Este encuadre cumple la función que en un capítulo ofensivo cumple la subsección de detección: es el conjunto de reglas de enganche que decide cuándo y cómo se aplica todo lo anterior —el análogo del scoping y las rules of engagement de un pentest—. Y su cara defensiva, la lente púrpura, es la inversión de las técnicas sobre uno mismo: correr la enumeración de identidad, el geoint de las fotos y el pivoteo de infraestructura contra la propia organización (self-recon) revela la huella que un atacante vería y permite reducirla antes de que la use. Del lado de la investigación, este mismo ciclo —intake, triage, colección con cadena de custodia, análisis con niveles de confianza, reporte— es el ciclo de inteligencia del analista blue/CTI, casi uno a uno: el método que gobierna tanto la emulación adversaria como su detección y atribución.
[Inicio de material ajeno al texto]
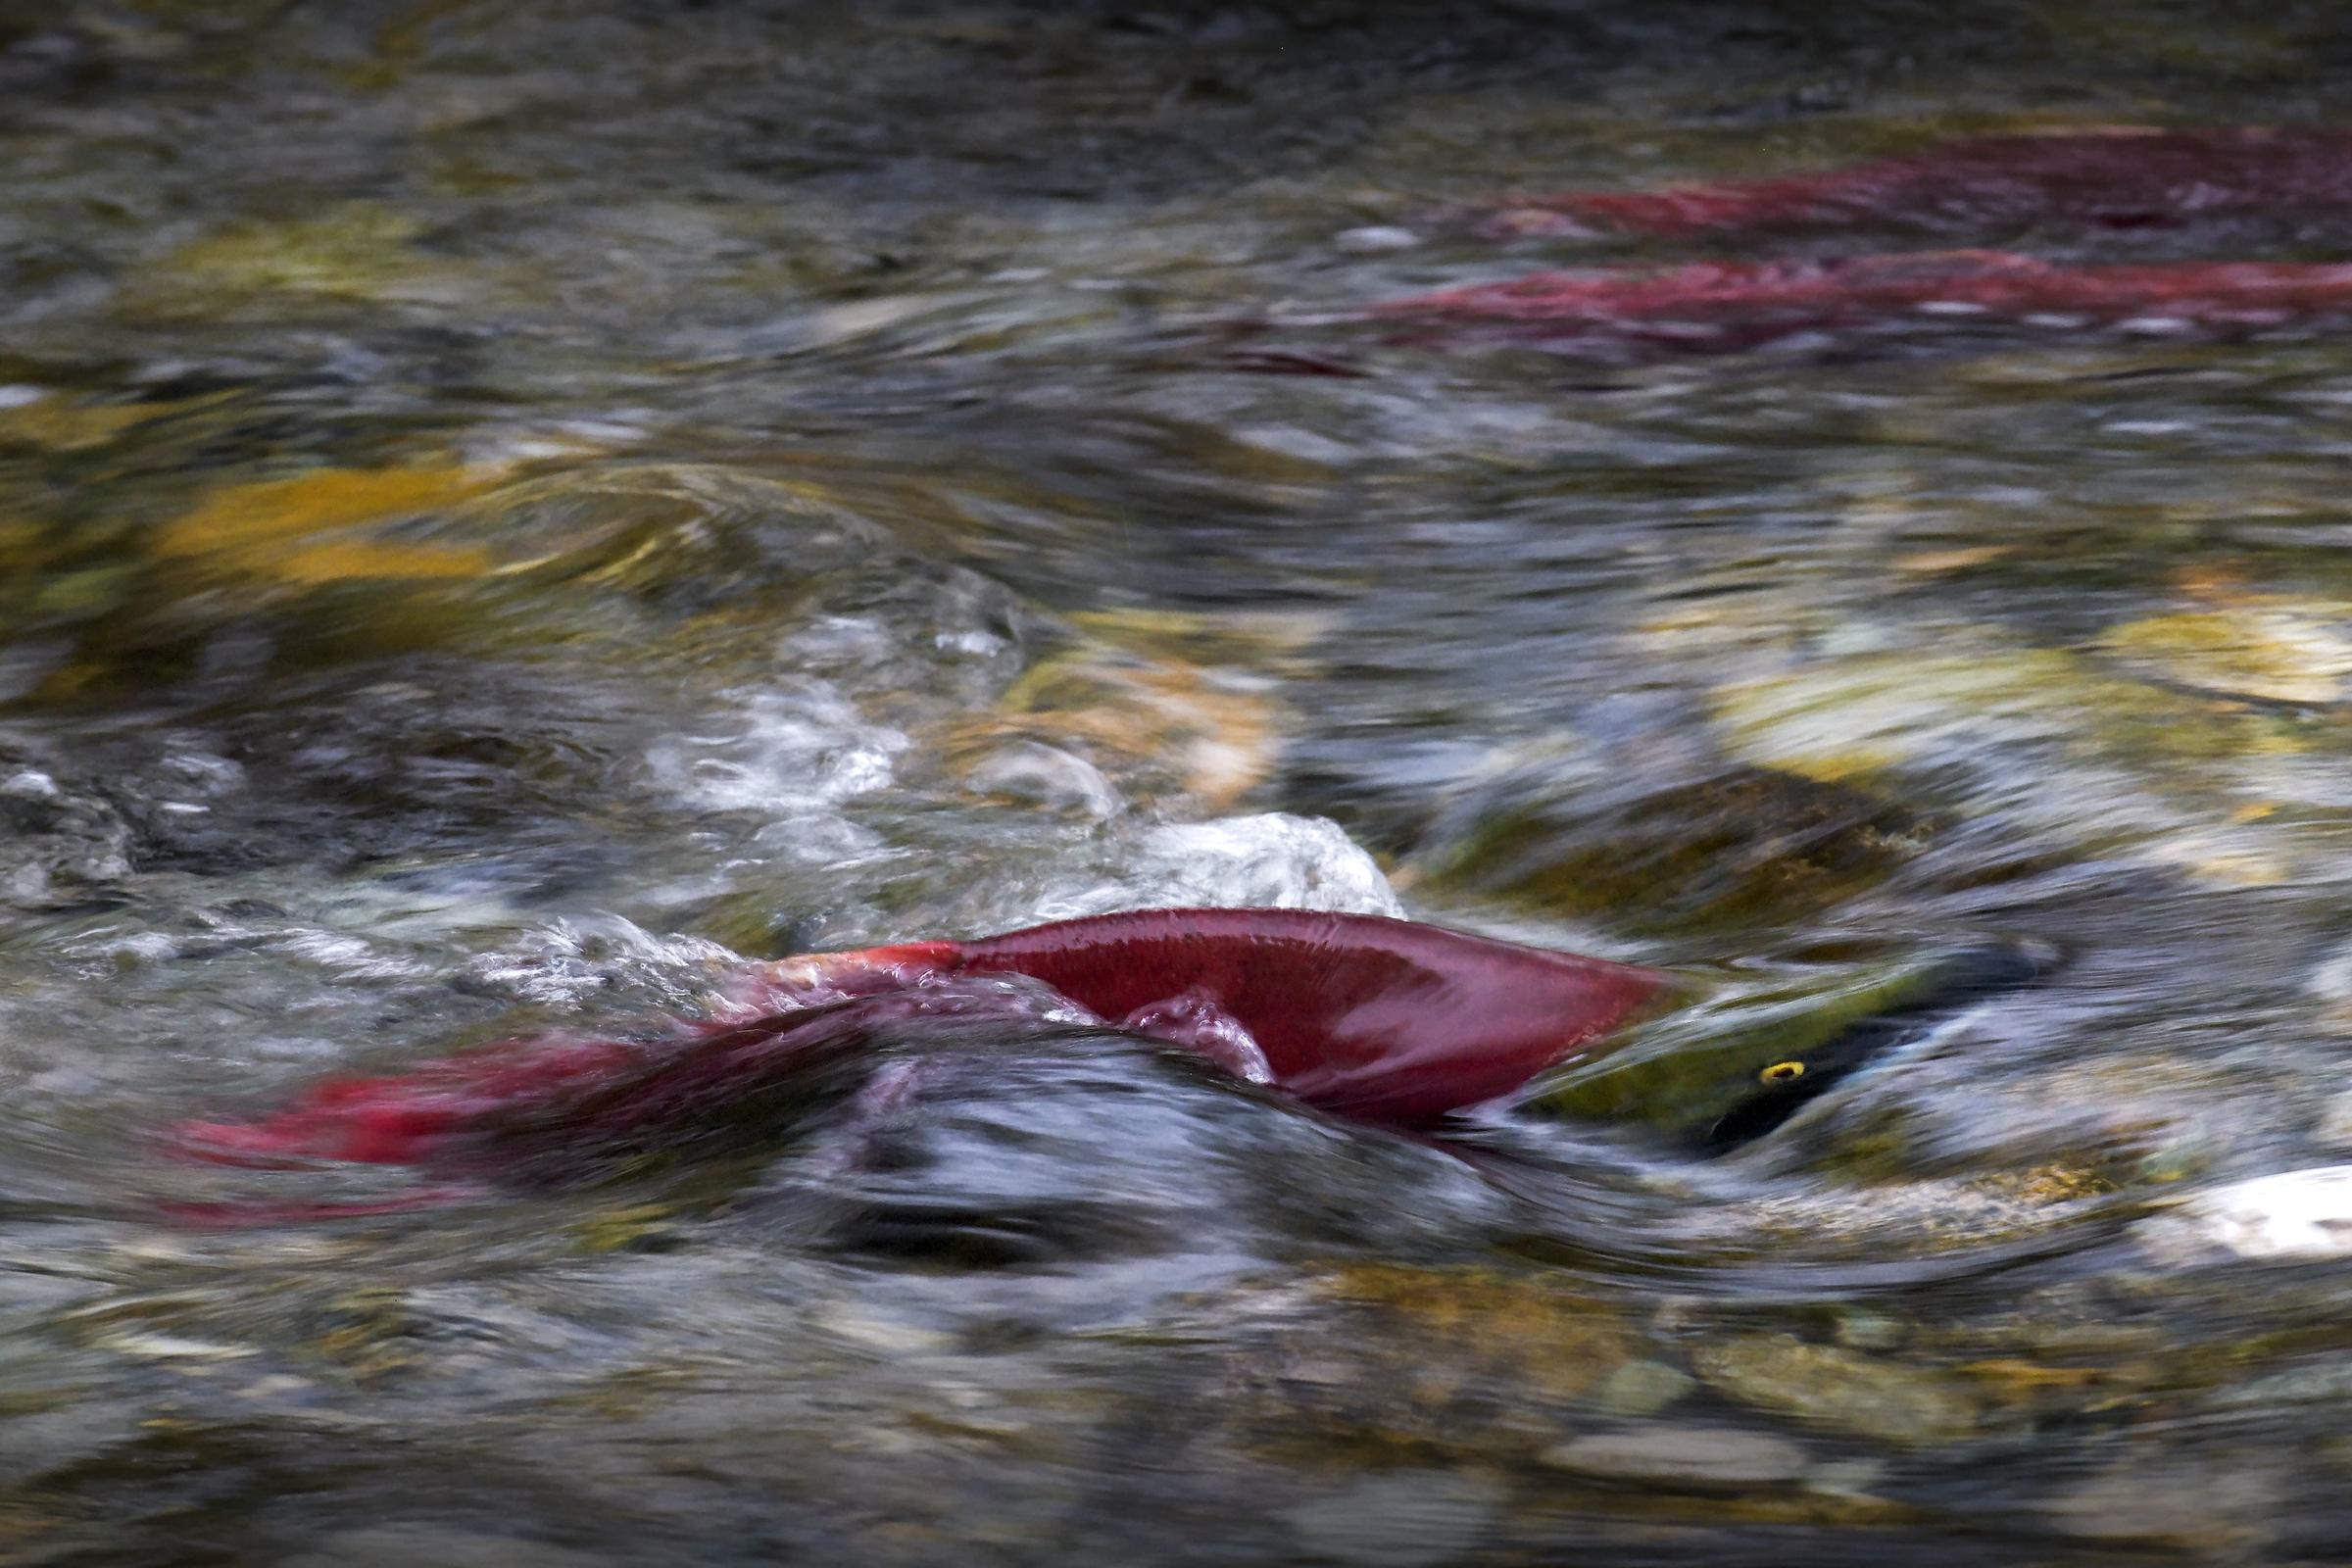 Угри и белуги путешествуют даже в очень пожилом возрасте Угри и белуги путешествуют даже в очень пожилом возрасте losos

En términos de MITRE ATT&CK el capítulo cubre el proceso que envuelve la táctica de reconocimiento (TA0043: Gather Victim Identity/Org Info, Search Open Websites), común al atacante que la ejecuta y al defensor que la anticipa.

Referencias#

  • osint/bazzell-osint/cap-01OPSEC del investigador: la máquina dedicada y la integridad de la evidencia, la arquitectura de VM maestra → clon por caso → exportar → borrar, la VPN de host y Tor, el gestor de contraseñas offline, los sock puppets, y la emulación de Android (GPS spoofing y contact exploitation).
  • osint/bazzell-osint/cap-08Metodología, documentación y ética: el ciclo intake → triage → knolling → premium → open-source con disciplina de pestañas → captura → flowcharts de pivoteo; el reporte (face-sheet, narrativa, sourcing, sanitización); y el marco ético (proporcionalidad, intención, decepción articulable, protocolo de material sensible).
  • Michael Bazzell, OSINT Techniques: Resources for Uncovering Online Information (10ª ed., 2023) como manual de referencia; el sitio inteltechniques.com para las herramientas y su actualización —recordando que los pasos concretos caducan y lo durable es el método—.
  • MITRE ATT&CK — Reconnaissance (TA0043), la táctica que este capítulo enmarca metodológicamente tanto para el recon ofensivo como para su detección.